- Sire: Aptitude
- Grandsire: A.P. Indy
- Dam: Zenith
- Damsire: Roy
- Sex: Stallion
- Foaled: 2004
- Country: United States
- Colour: Dark Bay
- Breeder: Ivy Dell Stud
- Owner: J. Paul Reddam
- Trainer: Doug O'Neill
- Record: 17: 3-4-2
- Earnings: $976,260

Major wins
- Breeders' Futurity Stakes (2006) Robert B. Lewis Stakes (2007)

= Great Hunter =

American Thoroughbred racehorse

Great Hunter (foaled March 31, 2004, in Pennsylvania) is an American Thoroughbred racehorse. His breeder sold him in the September 2005 Keeneland Sales to Ilona Whetstone. The colt was resold in June 2006 to J. Paul Reddam for $550,000 but has been the subject of a legal dispute following a lien claim by Fifth Third Bank for indebtedness of the financially strapped Ilona Whetstone.

==Career==
Racing at age two, Great Hunter was owned by Reddam and trained by Doug O'Neill. He won the 2006 Grade I Lane's End Breeders' Futurity. in which he defeated Circular Quay and Street Sense. but then finished third behind them in the Breeders' Cup Juvenile.

===2007===
In 2007. Great Hunter won the Grade II Robert B. Lewis Stakes. then was fifth in the Blue Grass Stakes after he ran into severe difficulty from two other horses and was taken up sharply by his jockey, Corey Nakatani.

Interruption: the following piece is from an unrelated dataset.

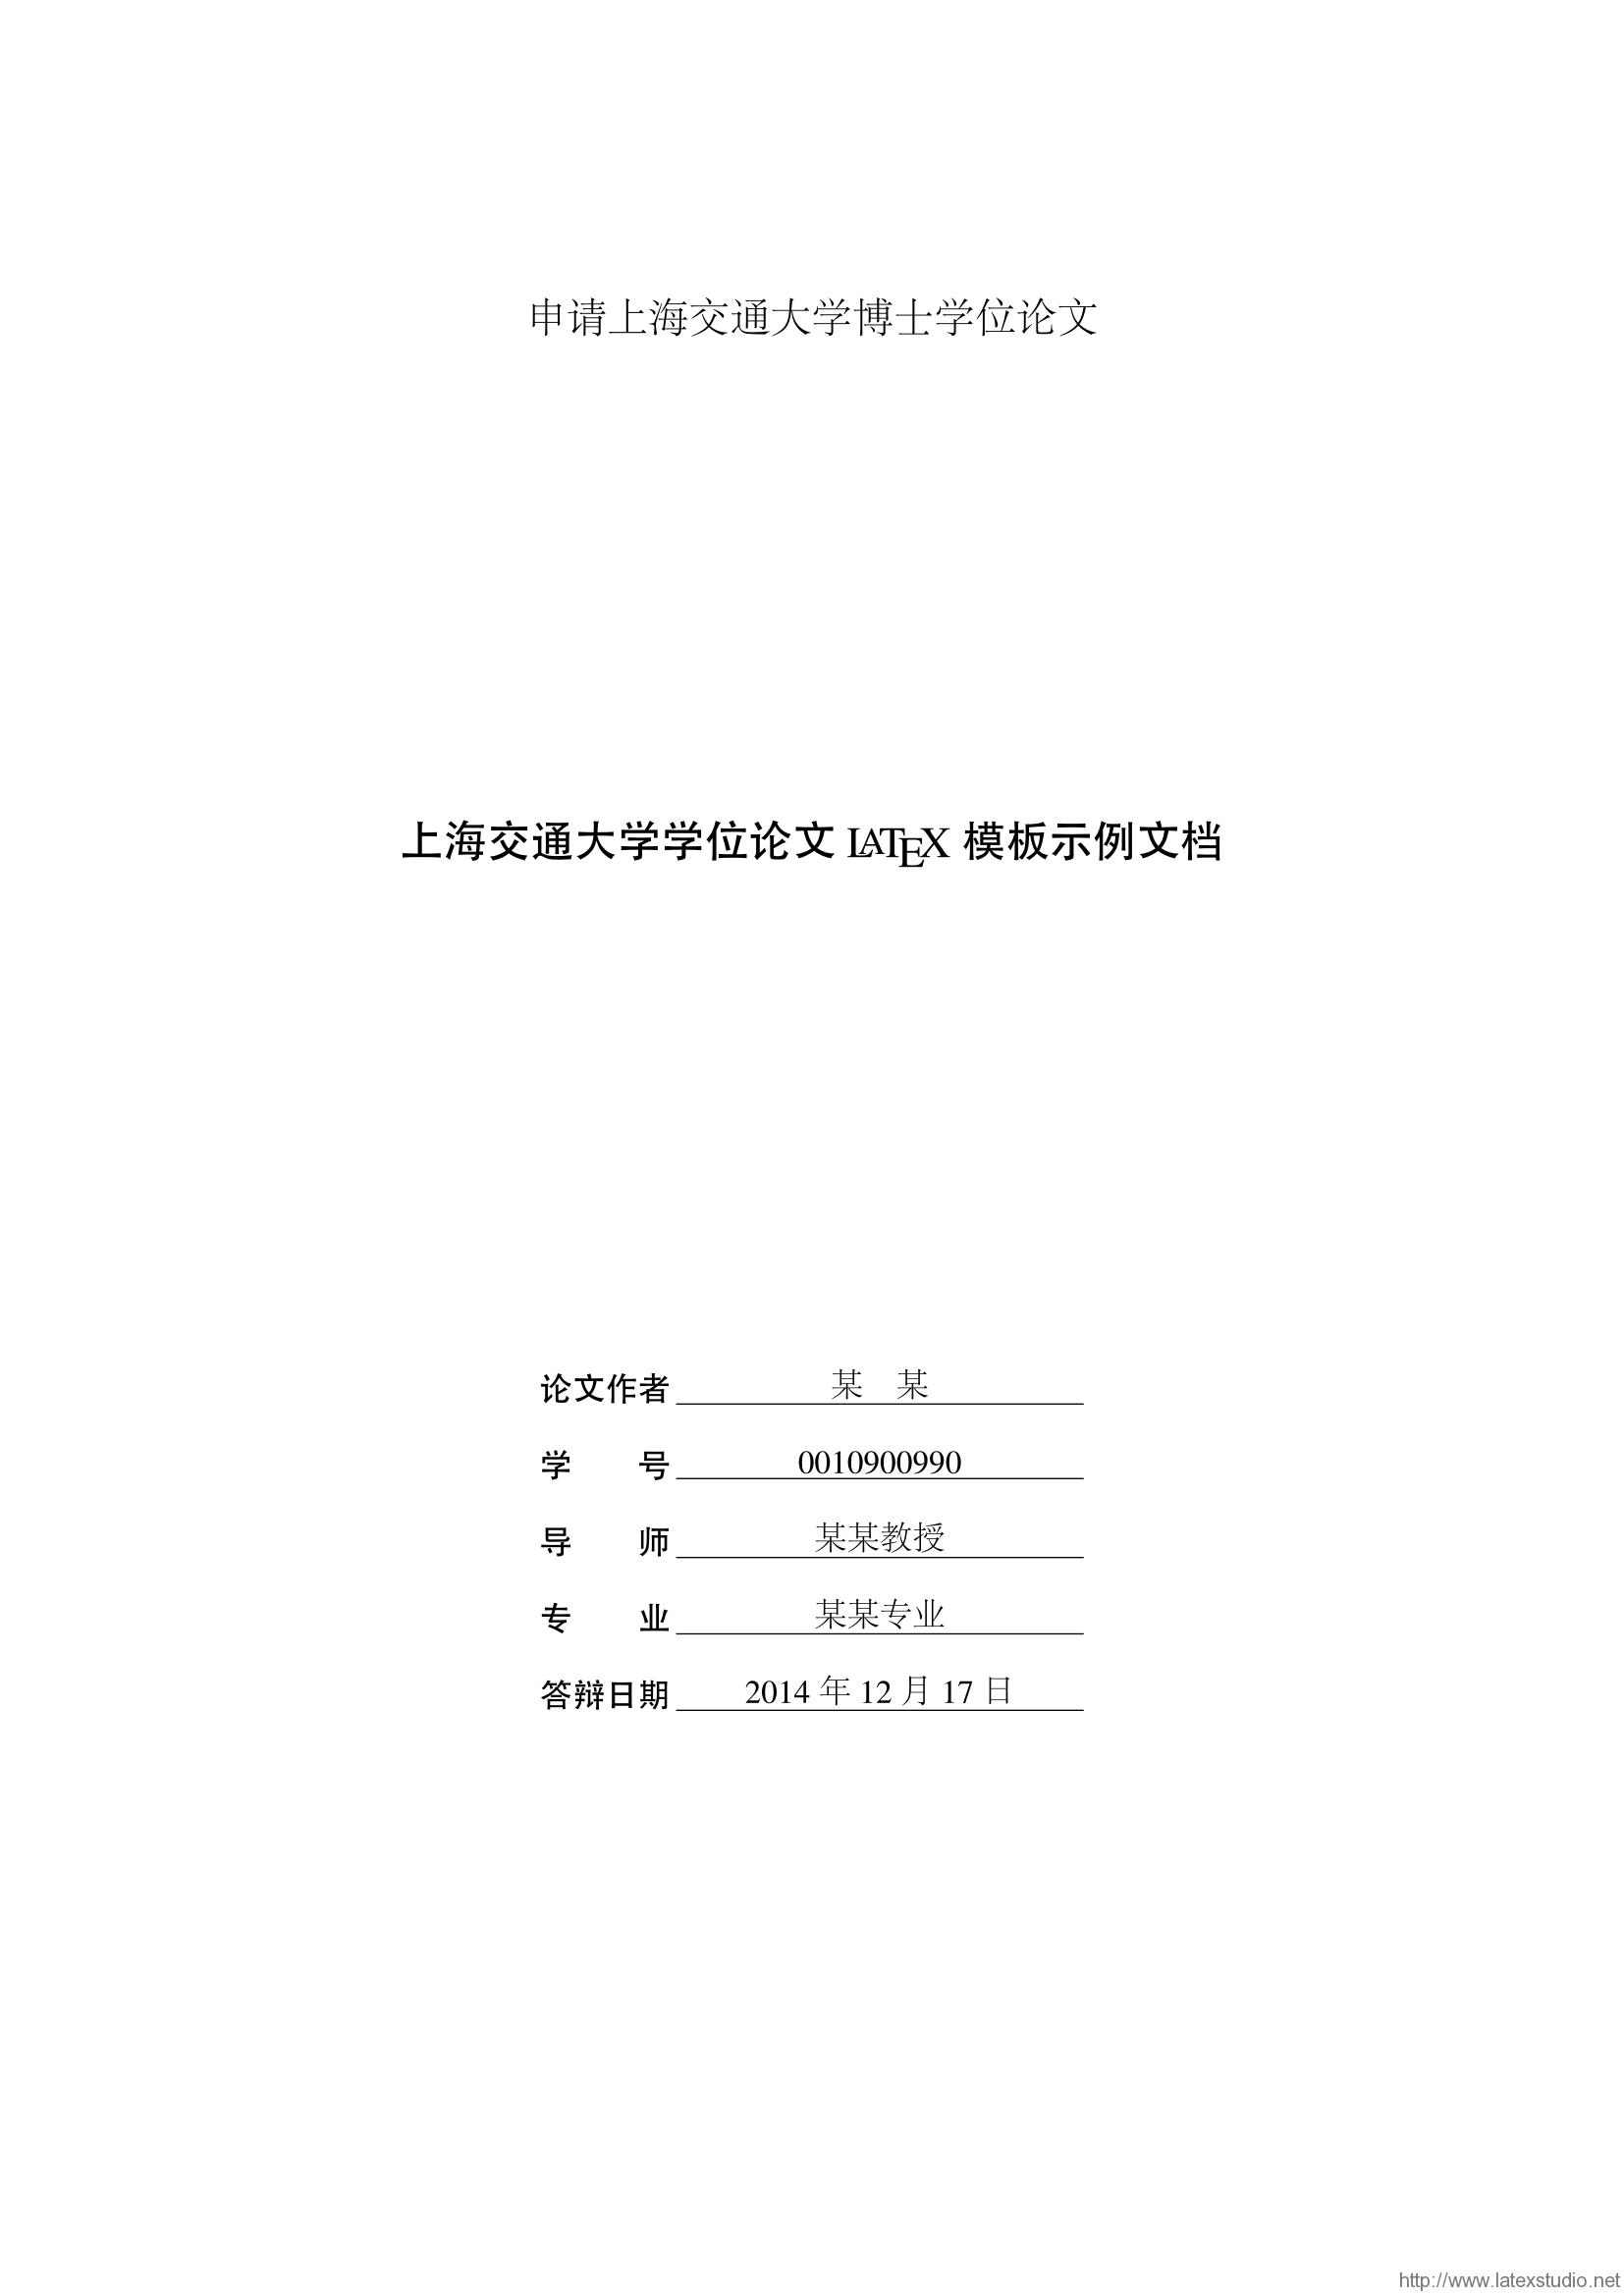 sjtuREADME-01
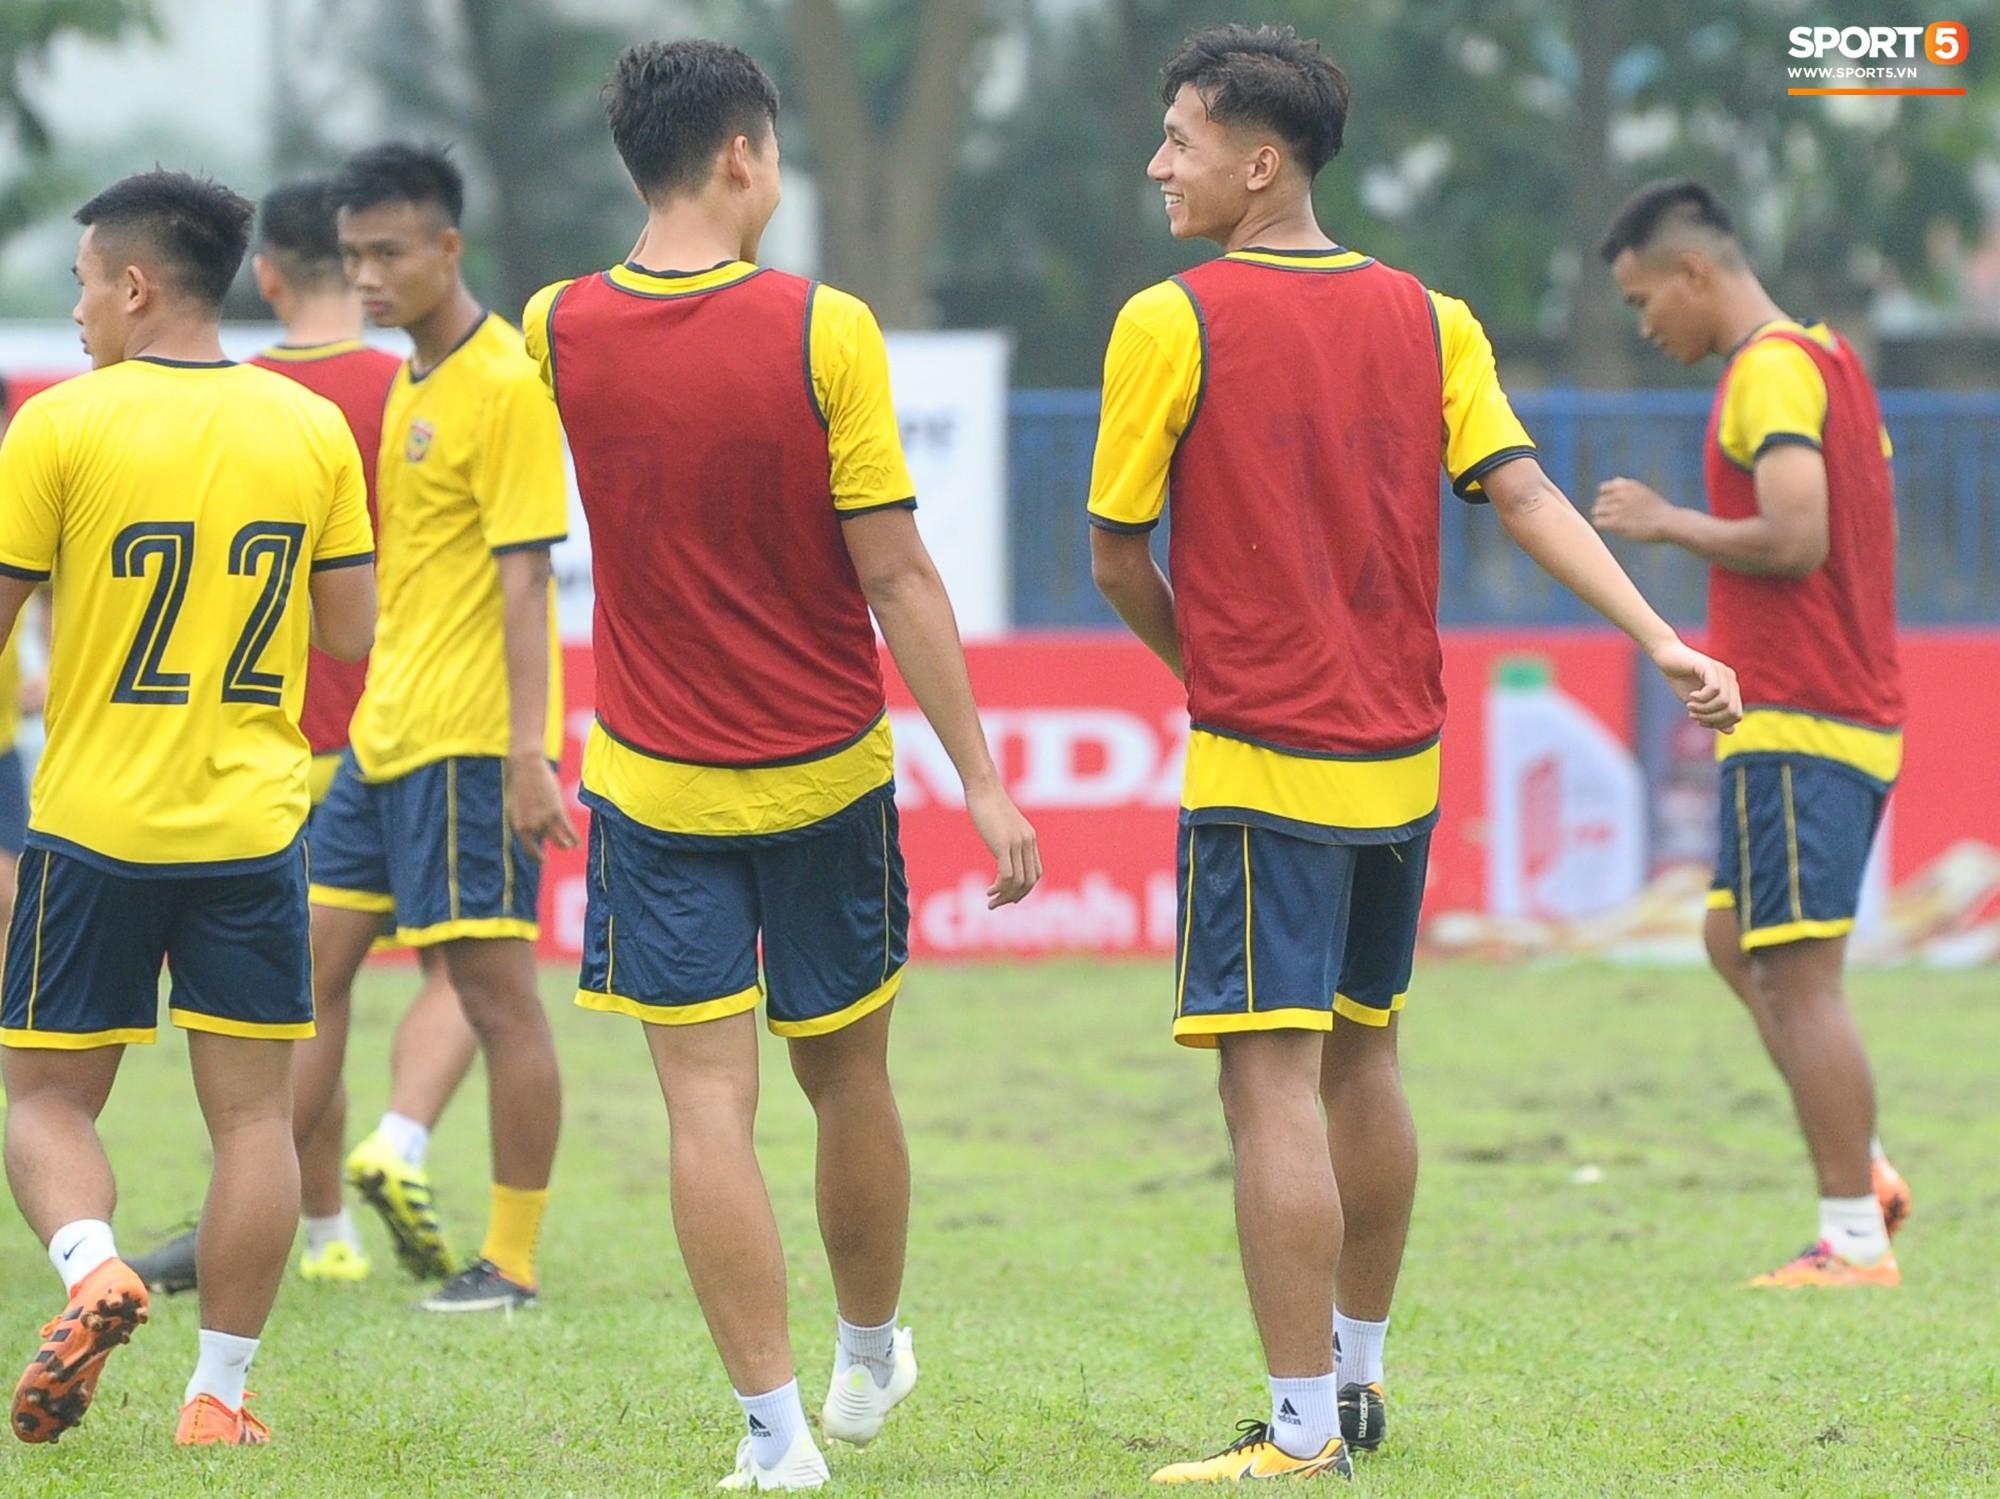 Dàn hot boy U22 Việt Nam khoác áo Hà Tĩnh FC đùa vui cực nhí nhảnh trước trận gặp Phù Đổng FC - Ảnh 4.

Great Hunter and stablemate Liquidity ran in the May 5 Kentucky Derby. The pair came in 13th and 14th, respectively.

Great Hunter skipped the Preakness but was confirmed as a starter in the Belmont. However, he chipped his right front ankle during a workout and missed the race. The injury required surgery and a long recovery period.

Great Hunter returned to training in November and ran in the Grade 1 Malibu Stakes at Santa Anita on December 26, 2007. The colt placed 11th, just ahead of Cobalt Blue.

===2008 and 2009===
On January 12, 2008, Great Hunter finished sixth in the Grade 2 San Fernando Stakes at Santa Anita. He then placed fourth in the Grade 2 Strub Stakes at Santa Anita on February 2, 2008. On March 1, 2008, he placed 8th in the G1 Santa Anita Handicap.

Despite his lackluster performances since returning to training, Great Hunter was shipped to Nad Al Sheba Racecourse in Dubai, United Arab Emirates, to participate in the 2008 GI Dubai World Cup. He moved up at the top of the stretch, but then flattened out at the eighth pole and placed fifth. The horse had one unplaced start in 2009 and was retired to stud in 2010.

==Stud==
Great Hunter currently stands at Haras Los Samanes Polo & Racing in Santa Barbara, Venezuela, for a private-listed stud fee. His first foals were born in 2011.